The P5+1 group, comprised of the five permanent members of the UN Security Council plus Germany, is convening in Almaty, Kazakhstan, Tuesday to discuss Iran’s nuclear program. The two-day meeting follows inconclusive talks that were held last year in Istanbul, Baghdad, and Moscow. Iran watchers are hoping for modest progress after the U.S. signaled its willingness to roll back some sanctions on the country, in exchange for Iran halting the bulk of its controversial nuclear activity.
Here’s a deeper look at the key players around the negotiating table, which may lend insight into how the talks will progress.
Iran is represented by Dr. Saeed Jalili, a soft-spoken, yet hard-line, Iranian politician who has served as Secretary of Iran’s Supreme National Security Council and lead nuclear negotiator since 2007. He is reportedly a favorite of Iran’s Supreme Leader, who approved his appointment to his current position and values his loyalty. In 2005, he rose from more junior positions Iran’s Foreign Ministry to serve as an adviser to President Ahmadinejad, an old personal friend, and deputy foreign minister for European and American Affairs. He previously served in Iran’s Revolutionary Guard Corps on the front lines of the Iran-Iraq War, where he suffered a serious leg injury that forced his retirement from the military.
Jalili’s name is increasingly mentioned as a possible successor to President Mahmoud Ahmadinejad, which has put him front and center in Iran’s domestic political struggle between its Supreme Leader and current president. Western interlocutors describe him as ideologically rigid, overly theoretical and academic, and an apparatchik of the Iranian regime.
2. The U.S.
Wendy Sherman, Under Secretary of State for Political Affairs, is representing the U.S. She manages day-to-day regional policy issues and is the Department’s point person on Iran. A political appointee with a close relationship to the Clintons, she previously served as State Department counselor and policy coordinator for North Korea and assistant secretary of legislative affairs under President Clinton.

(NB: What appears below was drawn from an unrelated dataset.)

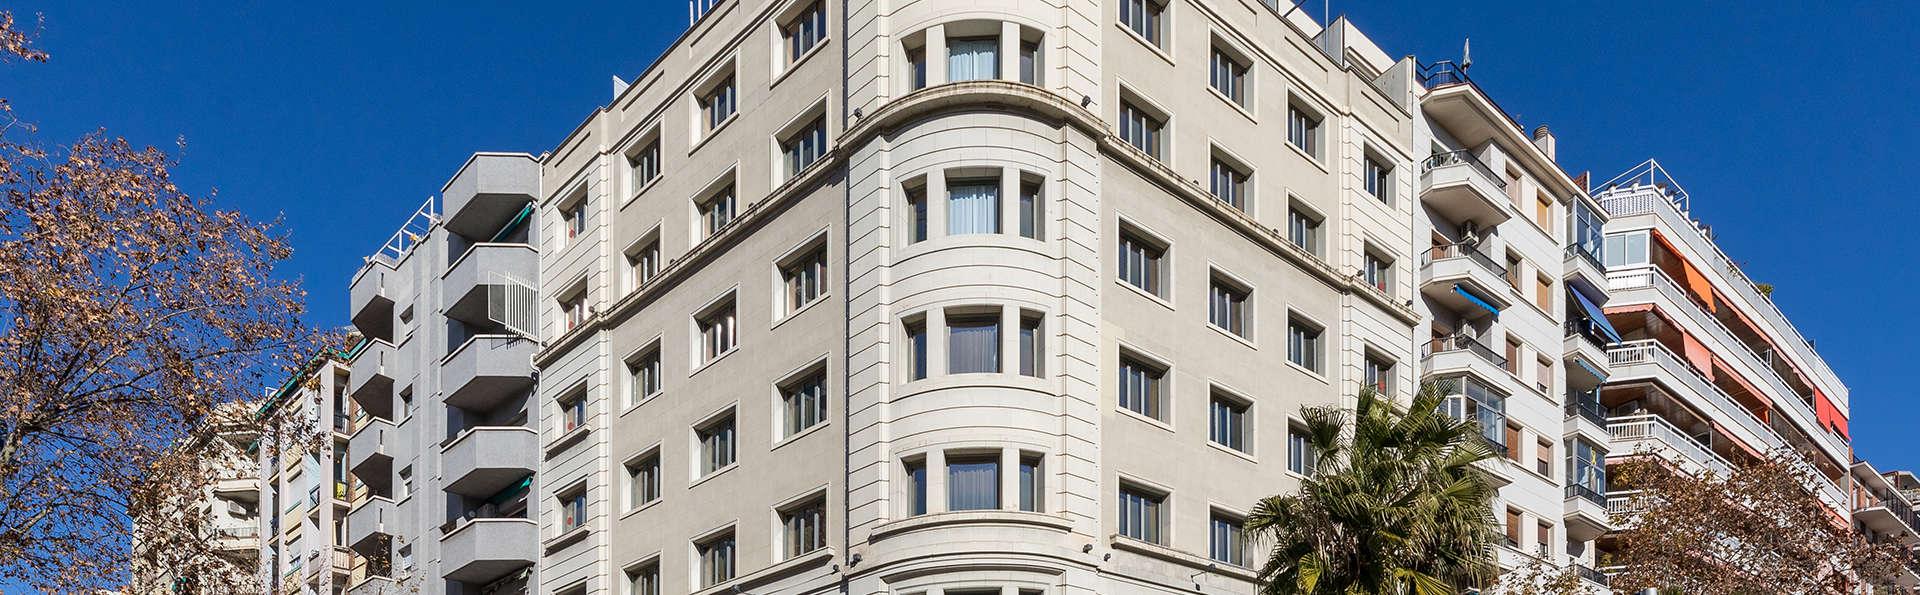 Sercotel Amister Art Hotel Barcelona - EDIT_FACHADA.jpg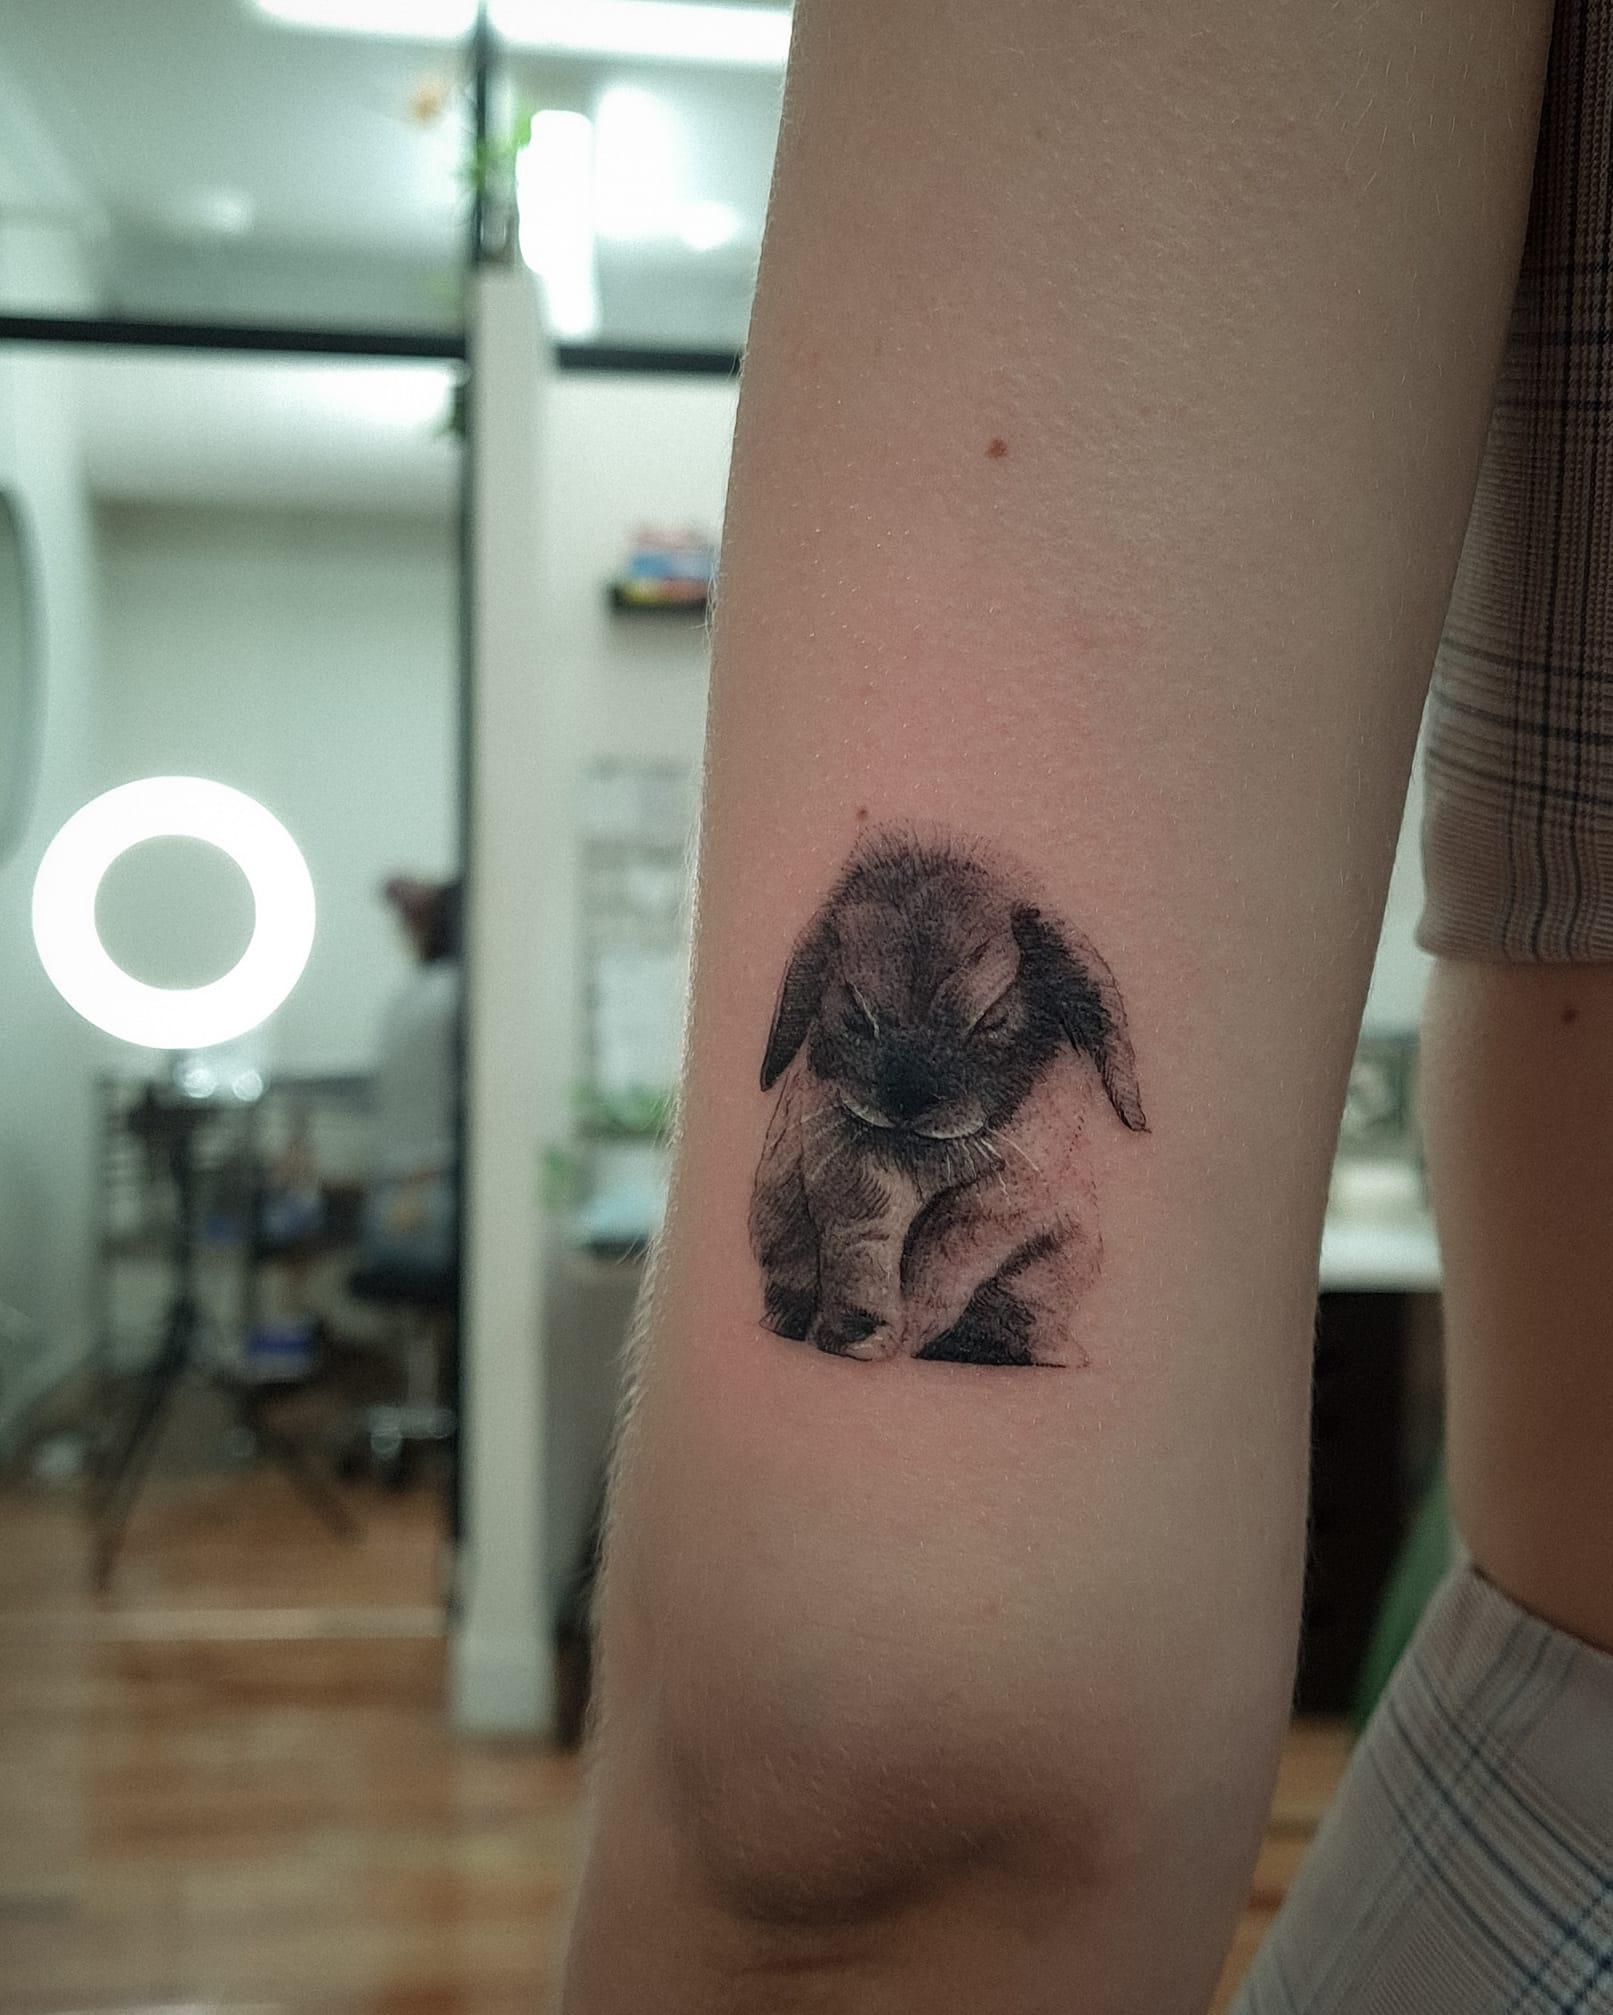 Tattoo Artists in Brisbane

Sherman is a fixture of the democratic foreign policy community and has also served on the Department of Defense’s Defense Policy Board, the Congressionally-appointed Commission on the Prevention of Weapons of Mass Destruction, Proliferation and Terrorism, and as chair of the Board of Oxfam America. Sherman is reportedly staying in her current position and will not be immediately replaced 3/4 in contrast to other under secretaries of state.
3. Great Britain, France, and Germany
Baroness Catherine Ashton is a U.K. Labour Party politician who represents the U.K., France, and Germany at the P5+1 talks in her capacity as the EU’s high representative for foreign affairs and security policy. She concurrently serves as vice president of the European Commission and oversees the Union’s Common Foreign and Security Policy. Ashton previously served as EU trade commissioner and as leader of the U.K. House of Lords. Relatively unknown in European foreign policy circles before her appointment as High Representative in 2009, she held various political positions in the U.K., including in the Ministry of Justice and Department of Education during Prime Minister Blair’s government.
China is represented in Almaty by Assistant Foreign Minister Ma Zhaoxu, who has responsibility for international organizations and arms control. A career diplomat and former debate champion, he previously served at several overseas diplomatic posts, including the Chinese Mission to the UN in New York, the Chinese Embassy in the U.K., and the Chinese Embassy and Mission to the EU in Brussels. He was appointed to his current position in late 2011 after serving most recently as director general of information and foreign ministry spokesperson. He represented China at previous P5+1 negotiations over Iran’s nuclear program, including in Baghdad in May 2012.
Finally, Russia is represented by Sergei Ryabkov, a career Russian diplomat who has served as Deputy Minister of Foreign Affairs since 2008. He previously served for six years in senior positions at the Russian Embassy in Washington, D.C., and as director of the Foreign Ministry Department of European Cooperation. In statements leading up to today’s talks, Ryabkov expressed optimism about significant progress being achieved and cautioned against allowing long gaps like the eight month hiatus between the May 2012 talks and February 2013 talks, which could slow progress of future talks.
The venue of today’s talks is symbolic, because Kazakhstan proactively gave up the large nuclear arsenal it inherited from the Soviet Union in the early 1990s. While the outcome remains unclear, the key negotiators are all veterans of the P5+1 discussions and know the importance of their task.
Hopefully, Iran — and its lead negotiator Saeed Jalili — will respond constructively to a joint offer from the P5+1 to hold future talks focused on finding ways for Iran to ease tensions with the international community.